Zorig Foundation (Mongolian: Зориг Сан) is a Mongolian non-profit, non-governmental organization (NGO) established in October 1998 after the assassination of Mongolian pro-democracy politician Zorig Sanjaasuren.  The Zorig Foundation seeks to spread democratic values in Mongolian society; strengthen human rights, and social justice; as well as improve the system of transparency and accountability of the government to the public. In order to meet the above objectives, the Zorig Foundation concentrates its programs in three areas: Youth and Education, Good Governance, and Community Building.

Early history
Zorig Sanjaasuren (Mongolian: Санжаасүрэнгийн Зориг, 20 April 1962 – 2 October 1998) was a prominent Mongolian politician and leader of the country's 1990 democratic revolution. He is called the "Golden Magpie of Democracy" (Mongolian: Ардчиллын алтан хараацай, Ardchillyn altan kharaatsai). He was murdered in 1998 and yet still his murder remains unsolved. After his death, his sister Oyun entered politics and founded the Civil Will Party along with the Zorig Foundation.

Mission
The foundation aims to spread democratic values in the society, strengthening human rights, freedom and social justice, and promoting transparency. The foundation identifies three broad areas of focus in order to complete the principal objectives aforementioned. The areas are Good Governance, Youth and Education, and Community Development. A number of project initiatives are undertaken by Zorig Foundation to promote the three components around Mongolia.

Good governance

Background

The good governance programs aim to improve the system of transparency and accountability of the government to the public. Since 1998, Zorig Foundation has implemented numerous anti-corruption, monitoring, and accountability projects. Currently, they have a project on the oral histories of the democratic revolution of 1990 to record firsthand accounts from key players of the democratic revolution.

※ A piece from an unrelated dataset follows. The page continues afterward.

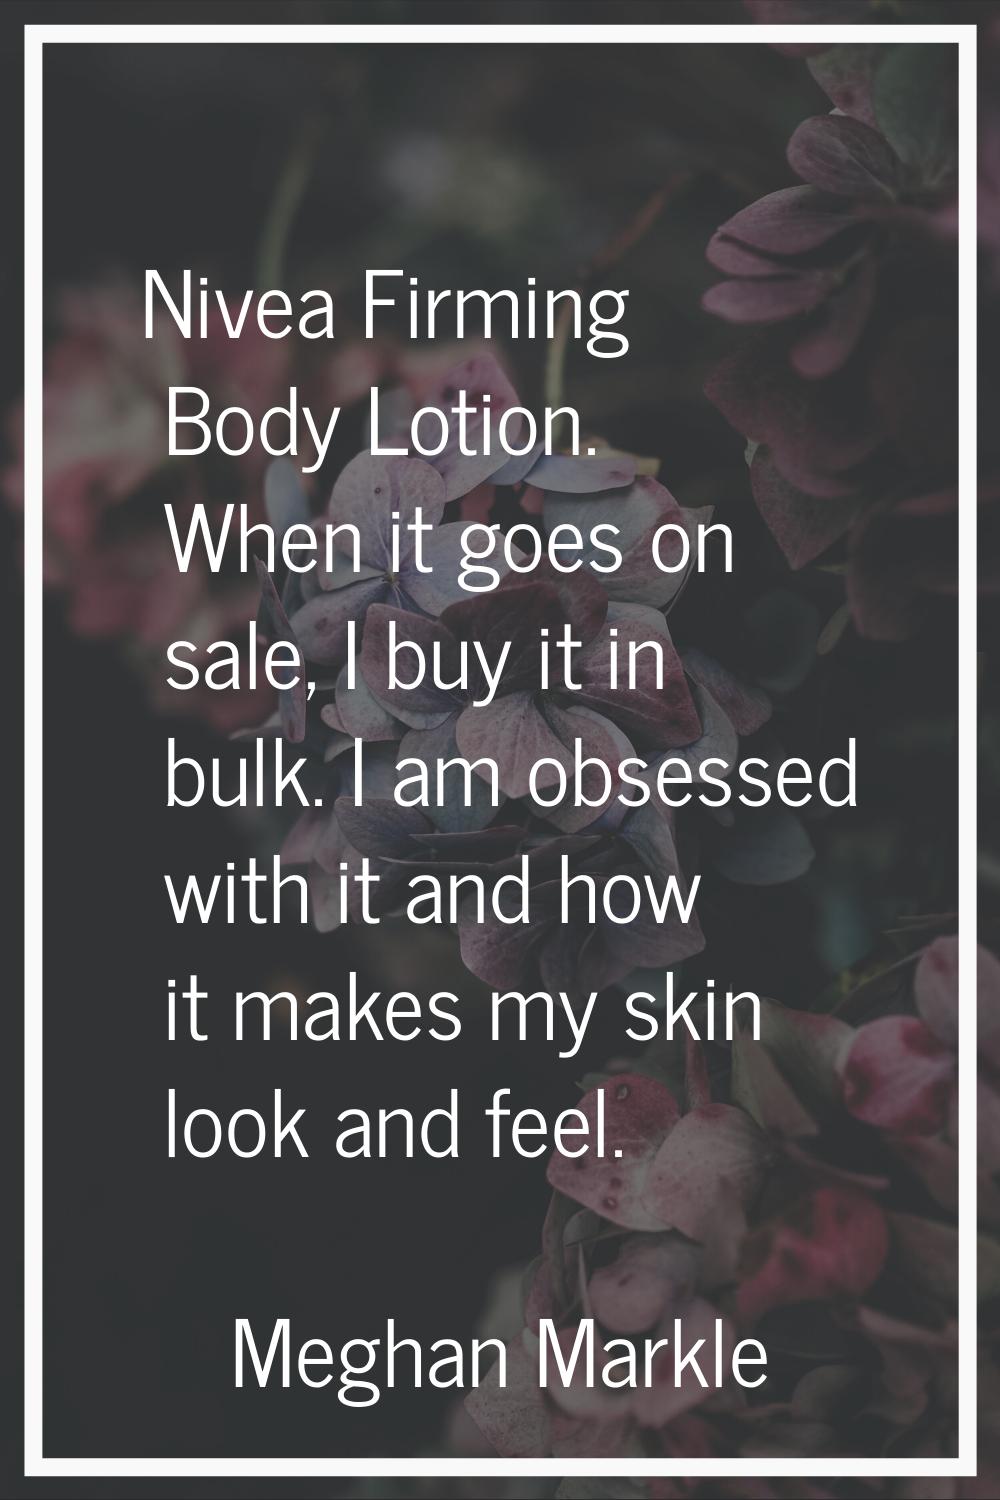 Nivea Firming Body Lotion. When it goes on sale, I buy it in bulk. I am obsessed with it and how it

Projects: past and present
International Conference on Good Governance in collaboration with the International Republican Institute and the Asian Democracy and Reform Association  /2001/
Round table discussion between leading economists, policy makers and journalists on “The privatization of high-value companies” /1999/
In collaboration with the State Emergency Commission and the Governor’s Offices of Aimags, Zorig Foundation prepared a TV and radio series with 12 episodes called “Today or Never”/2001/
The “Minority Media” project established a press working team at the State Parliament to publicize the stance and viewpoints of minority groups in Parliament and supported the minority newspaper ‘Express Times’ by supplying them with equipment /2003/
In collaboration with the Constitutional Court of Mongolia, the foundation published “My Constitution, My Freedom”, a comic book with simplifications of the concepts of freedom and human rights in Article 16 of the Constitution of Mongolia /2005/
Robert Dahl’s book “On Democracy”, translated by scholars Gankhuyag D., and Enkhbat Ch., was printed and distributed free of charge to the public /2004/
Within the scope of the Asia Foundation’s good governance program, Zorig Foundation carried out research and gave recommendations on the “Capacity building of research in the lawmaking process”  /2005/
“Extractive Industry Transparency Initiative (EITI)”- Zorig Foundation supported the EITI by being a member of the organizing committee of the ‘Publish What You Pay’ NGO coalition. In order to gain the support and understanding of the public, they printed pamphlets and produced short TV clips regarding the initiative. The Foundation also translated two chapters of the book ‘Escaping the Resource Curse’ and distributed the copies.

Monitoring

In a concerted effort to promote lawful action and discourage corruption, the Zorig Foundation has at multiple times embarked on monitoring projects to curb lawlessness in government.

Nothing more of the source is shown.